No, it doesn't work that way. The battery produces a voltage, but it can't control the current. The current is a result of what load you put on the battery.

Batteries have effectively got an internal resistance which you can use to find out how the battery will behave under load.

This internal resistance is effectively in series with the battery, so that even if you short circuit the battery the current will not be infinite.

With an alkaline AA cell, for example, if you short circuit it, the current will be about 8 amps, so you can work out that this battery has an internal resistance of 0.1875 ohms.

It is because the internal resistance has 1.5 volts across it and 8 amps flowing in it so it must have a resistance of 1.5 volts / 8 amps or 0.1875 ohms.

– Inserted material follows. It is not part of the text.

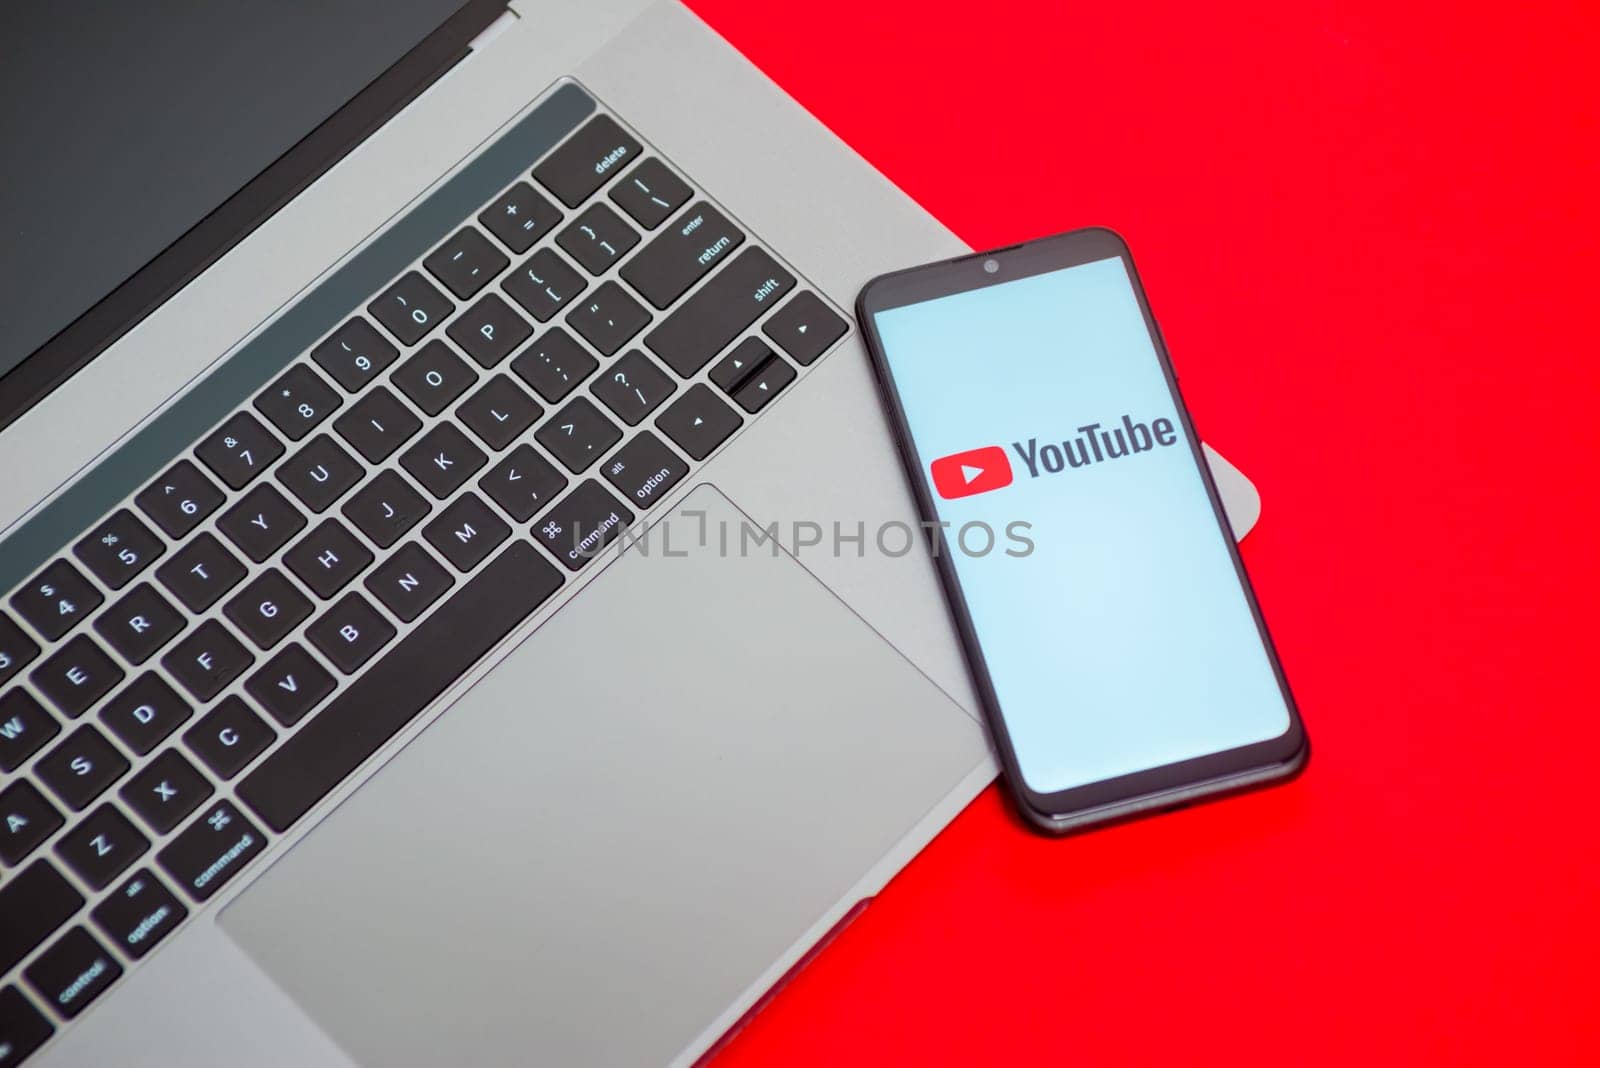 Tula, Russia - May 18,2020: Modern Smartphone with Youtube logo on the screen.

This is Ohm's Law.

This is pretty good, but you can see why a bunch of AA cells probably couldn't start a car. They might be able to supply 12 volts, but their internal resistance is too high to produce the 100 amps or more it takes to turn the starter motor in a car.

 

[KuriousKid]

I see. from your answer got another question. What does AC generator produces? Current or Voltage?

No, it doesn't work that way. The battery produces a voltage, but it can't control the current. The current is a result of what load you put on the battery.

 

[vk6kro]

I see. from your answer got another question. What does AC generator produces? Current or Voltage?

It produces both, but the current doesn't flow unless there is a path for it to flow in.

So, as you might expect, if you have wires coming out of the generator and they are not connected to anything, there is no current flowing.

There would be an AC voltage on the wires and you could measure this (in volts) with a suitable meter.

If you did connect a resistor across the output wires, there would be an AC current flowing.